Data section:
[Start of Attachment]

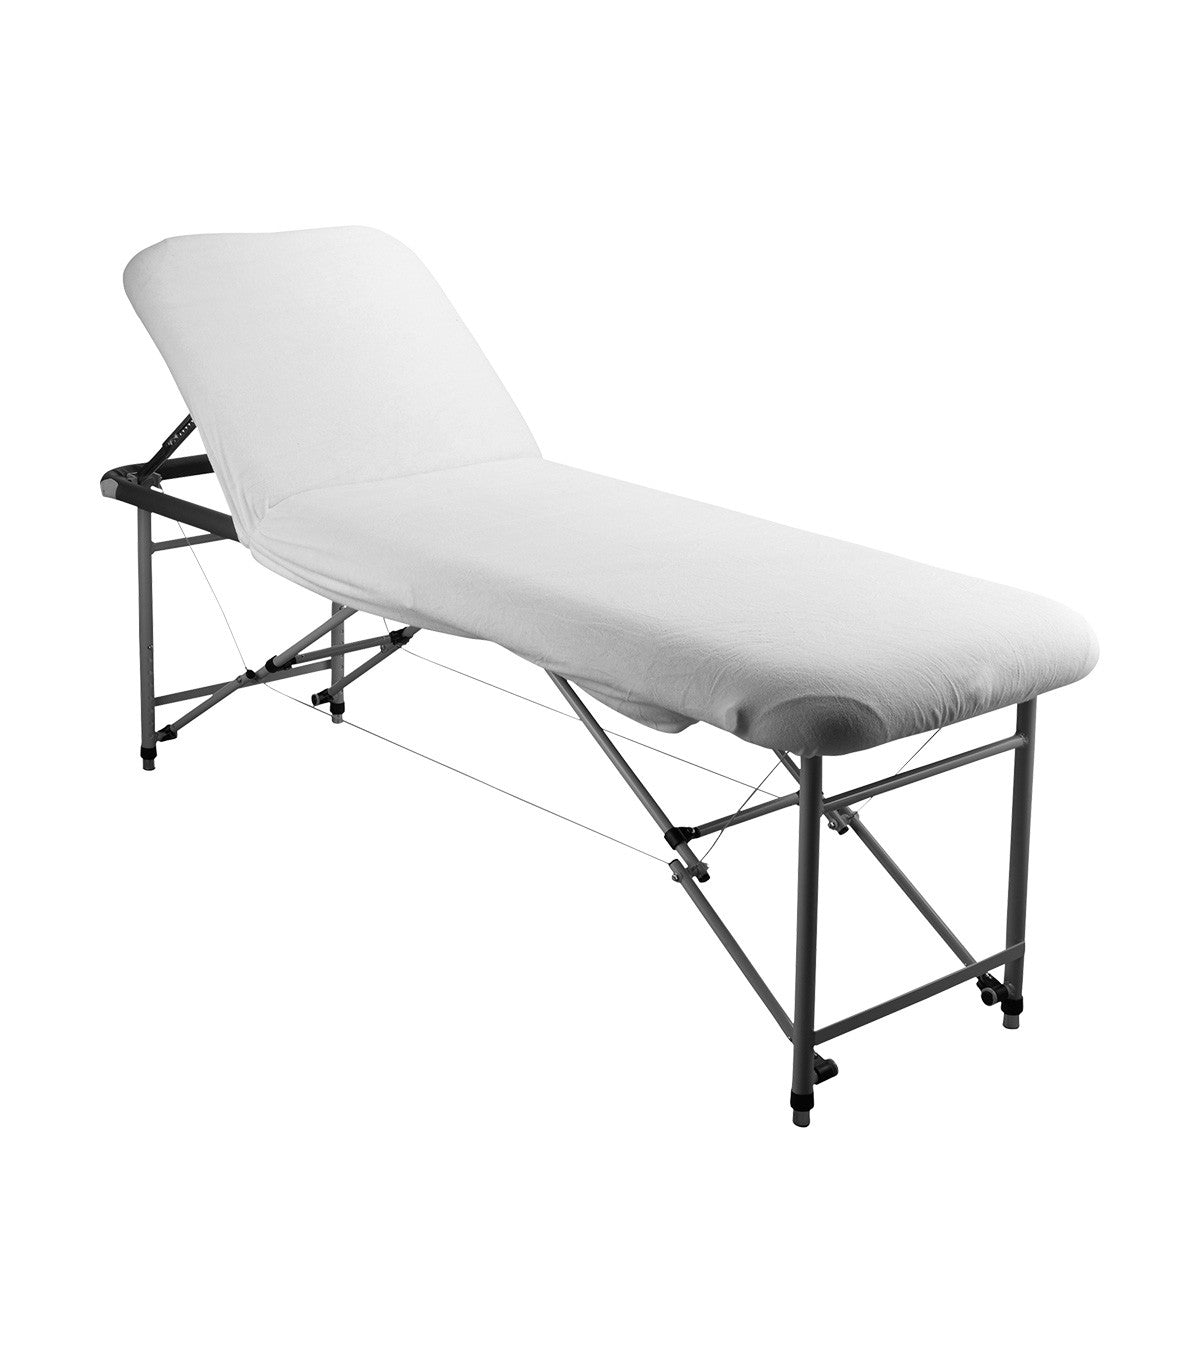 Terry cover for treatment table Ref 160350
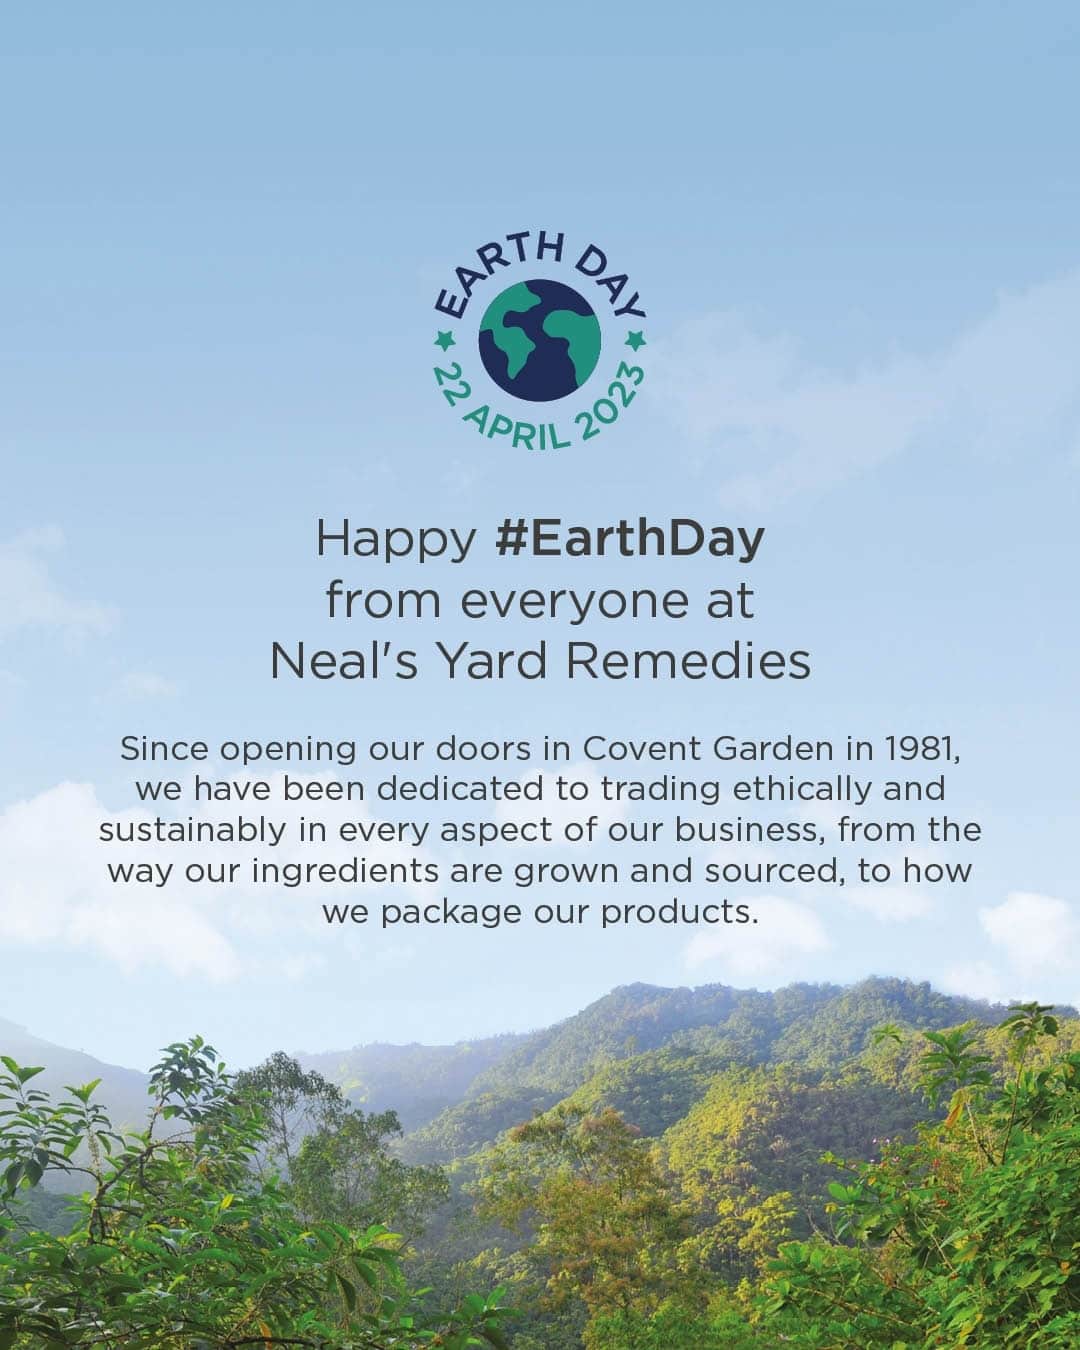 Neal's Yard Remediesのインスタグラム：「Happy #EarthDay from everyone at Neal's Yard Remedies 🌎💙 ⁠ ⁠ Swipe to see what we're working on to make sure we tread lightly on our planet.⁠ ⁠ Since opening our doors in Covent Garden in 1981, we have been dedicated to trading ethically and sustainably in every aspect of our business, from the way our ingredients are grown and sourced, to how we package our products.⁠ ⁠ Here are just some of the steps we take for making a change....⁠ 🌎This year marks our 15th anniversary of being certified CarbonNeutral®⁠ ✨Over 90% of our ingredients are certified organic by the Soil Association⁠ 🐰None of our products have been tested on animals, and they never will be ⁠ 🐝 We've raised over £300,000 for bee-friendly charities since 2011⁠ ✨All our plastic bottles up to 200ml are made from 100% recycled plastic⁠ 🌲 We’ve prevented the loss of over 3,000,000m² of endangered forest⁠ ✨We've never used plastic microbeads in our products⁠ ♻ We use recycled plastic in our product packaging wherever possible⁠ ⁠ How are you celebrating the world this #EarthDay? Comment below...⁠ ⁠ ⁠」
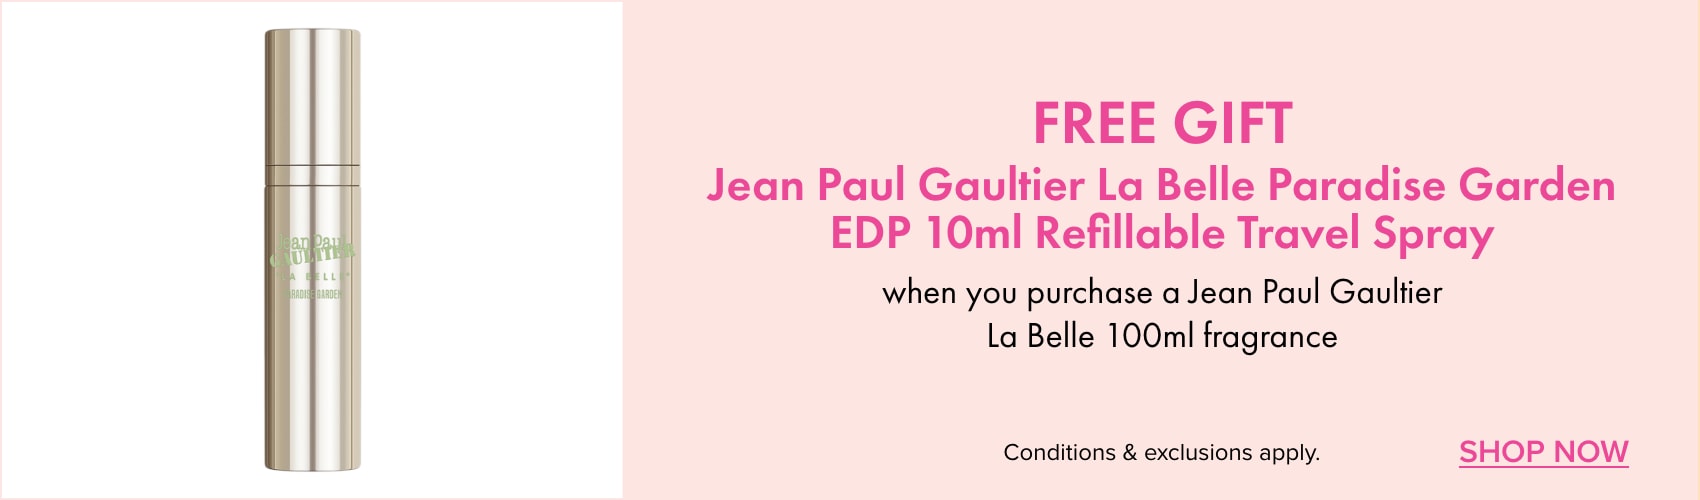 FREE GIFT Jean Paul Gaultier La Belle Paradise Garden EDP 10ml Refillable Travel Spray with your purchase of a Jean Paul Gaultier La Belle 100ml fragrance
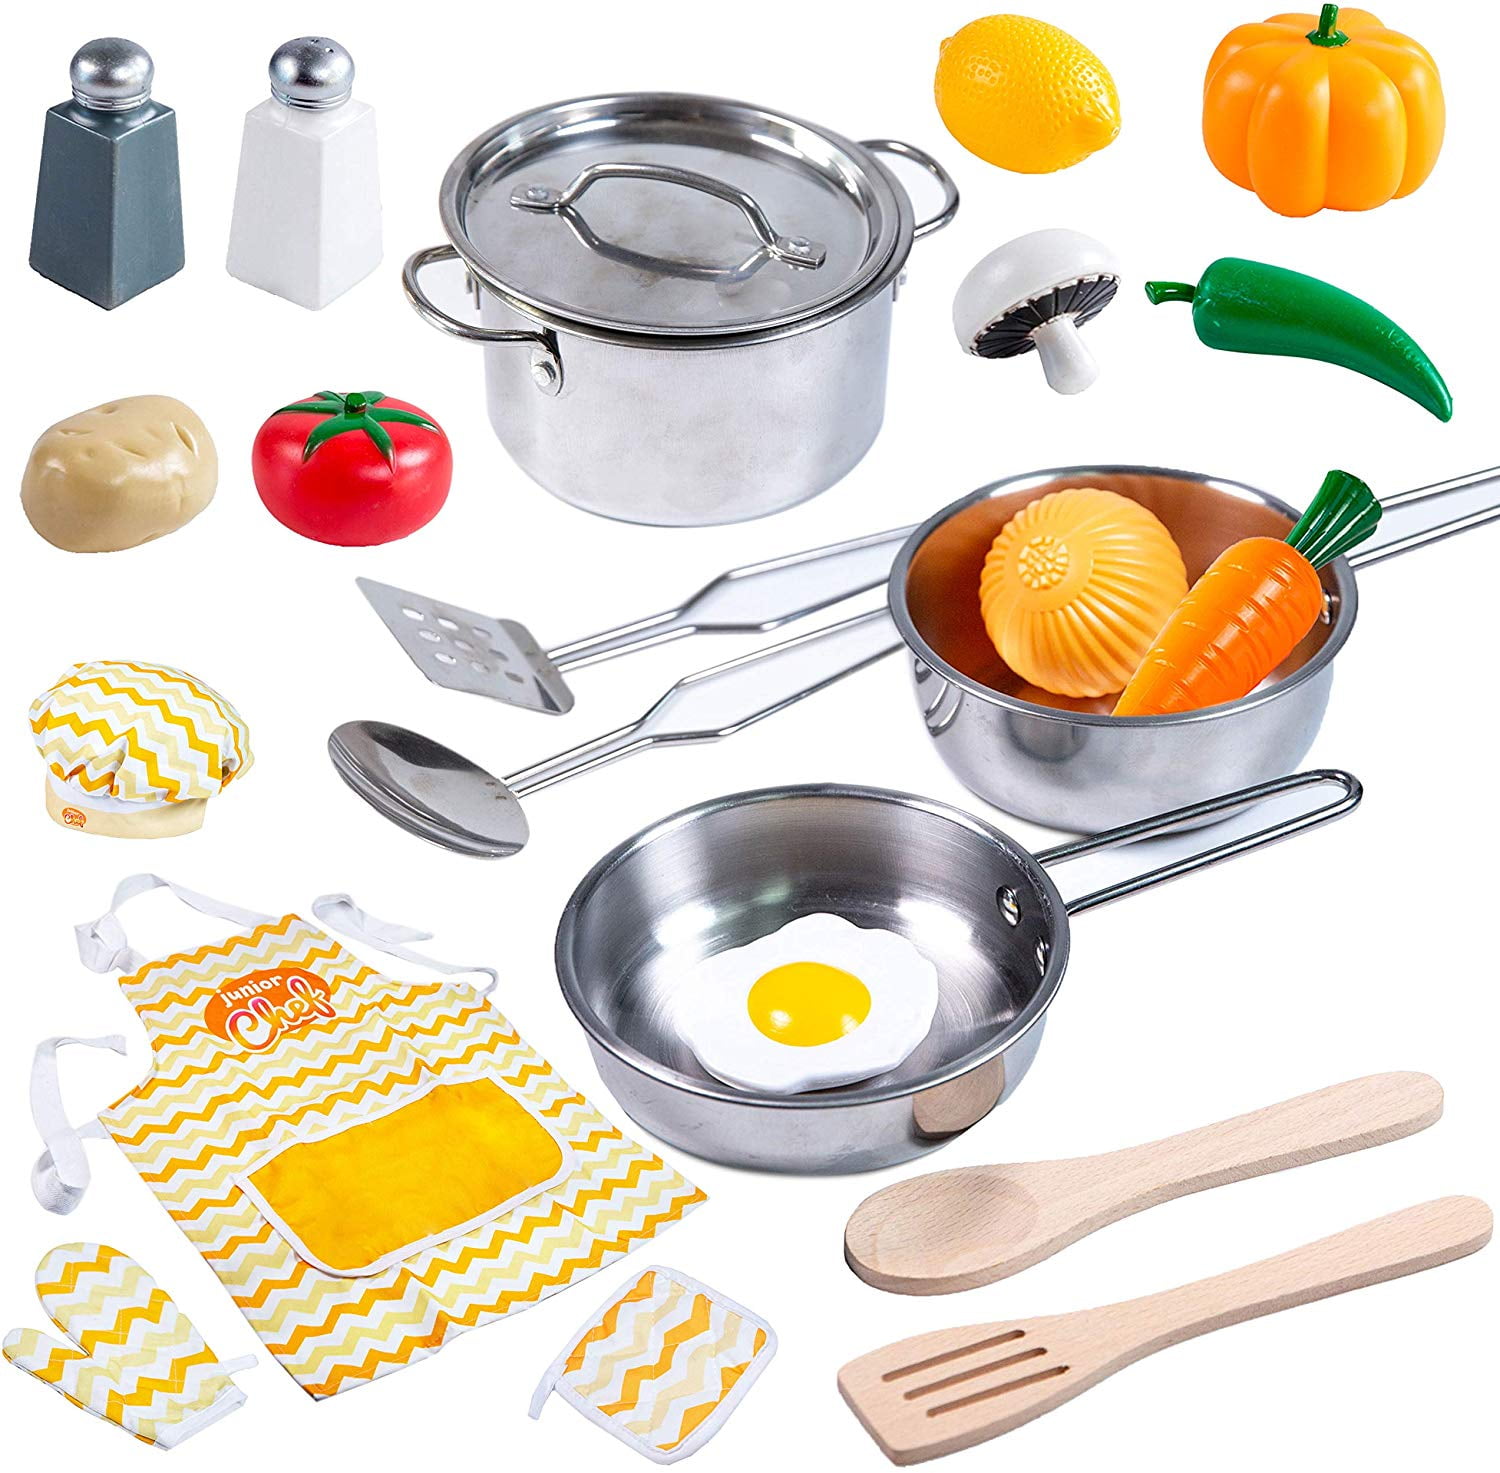 Easong 8Pcs Girls Cooking Apron Hat Stainless Steel Pot Set Kitchen Role Play Toy Kids Non-Toxic Materials No Sharp Edges Safe Reusable Baking Costume For Kids Apron Chef Hat Wok Pot

[End of Attachment]

Task instructions: Output the line containing "FREE GIFT Jean" along with every line after it to the end of the material, exactly as written, but without pictures.

Completed exercise:
 FREE GIFT Jean Paul Gaultier La Belle Paradise Garden EDP 10ml Refillable Travel Spray with your purchase of a Jean Paul Gaultier La Belle 100ml fragrance
 Easong 8Pcs Girls Cooking Apron Hat Stainless Steel Pot Set Kitchen Role Play Toy Kids Non-Toxic Materials No Sharp Edges Safe Reusable Baking Costume For Kids Apron Chef Hat Wok Pot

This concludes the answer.